There are 20 new Covid-19 cases in the community - though only one is unlinked as Aucklanders cling to hope for an alert level change on Monday.
Nineteen of the new cases are household or known contacts.
The ministry said interviews were underway woth the unlinked case to determine how they were exposed, the Ministry of Health said in a statement.
It said it was expecting fluctuations in case numbers at this point in the outbreak.
Aucklanders were hoping for low numbers this weekend, before the Government on Monday decides whether the region can drop down to alert level 3.
The ministry said testing at high levels in Auckland "remains an essential part of our outbreak response to detect every community case and stop onwards transmission".
Another area of interest is whether there have been any cases linked to a supermarket truck driver who tested positive for Covid-19, after visiting a number of supermarkets in Auckland, Waikato and the Bay of Plenty.
Several bakeries, petrol stations and other businesses outside Auckland have now been linked to the driver.
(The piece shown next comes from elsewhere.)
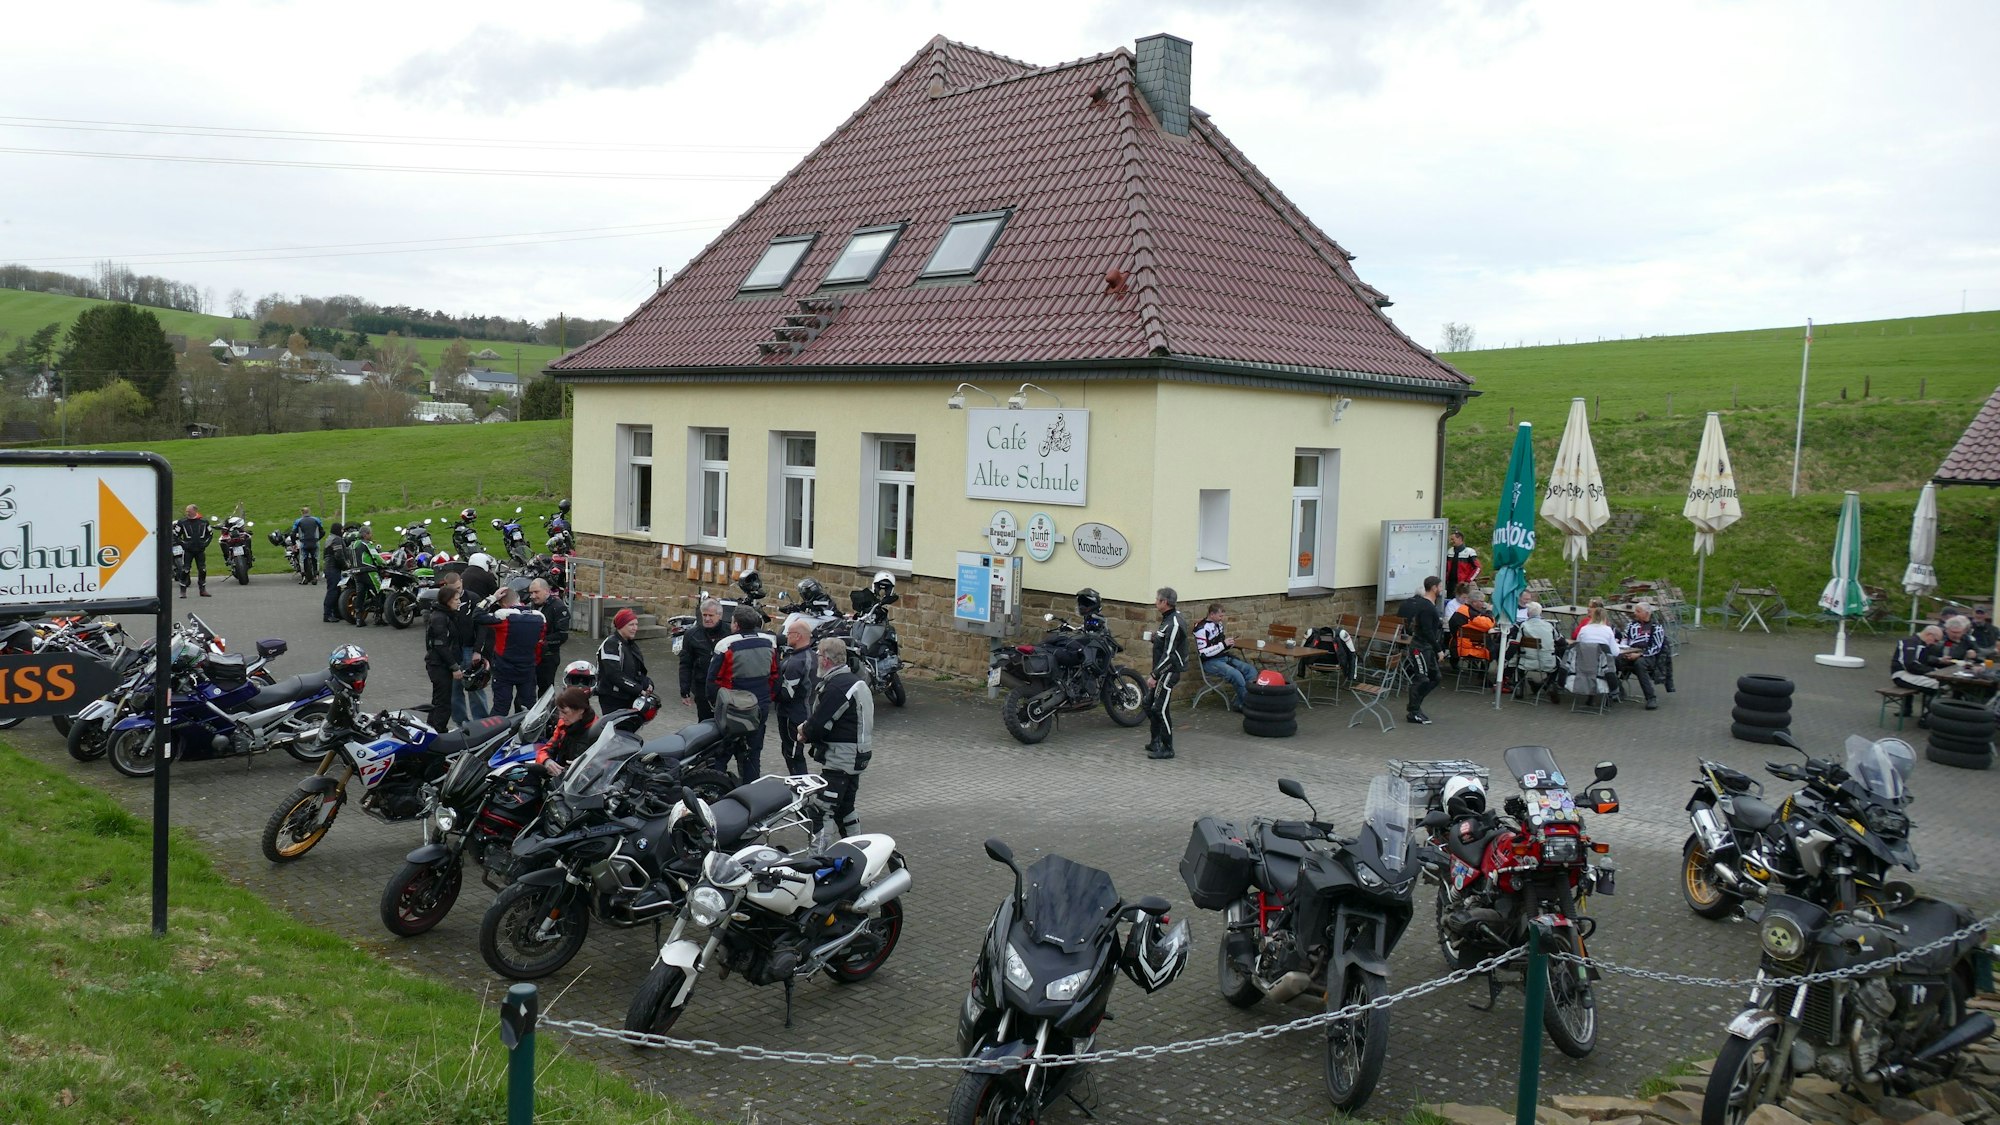 Viele Motorräder stehen auf dem Parkplatz vor einer Gaststätte.

The case emerged when a person in the driver's household was symptomatic and got tested.
A positive wastewater result was found in East Auckland on Monday, and results from a follow-up sample are expected in the coming days.
Meanwhile, a Covid-19 modelling expert believes lockdown fatigue may necessitate an alert level shift in Auckland next week, even though it risks stoking Delta's slow-burning embers.
University of Auckland professor Shaun Hendy says Cabinet will be forced to balance the risk of further transmission with the consequences of prolonging lockdown when it meets on Monday.
"You could persist at level 4 and stamp this out, I'm pretty sure that'd would be the case," Hendy told the Herald yesterday.
"On the other hand, everybody's a bit over level 4, people need a bit of light at the end of the tunnel...it's probably worth taking a calculated risk."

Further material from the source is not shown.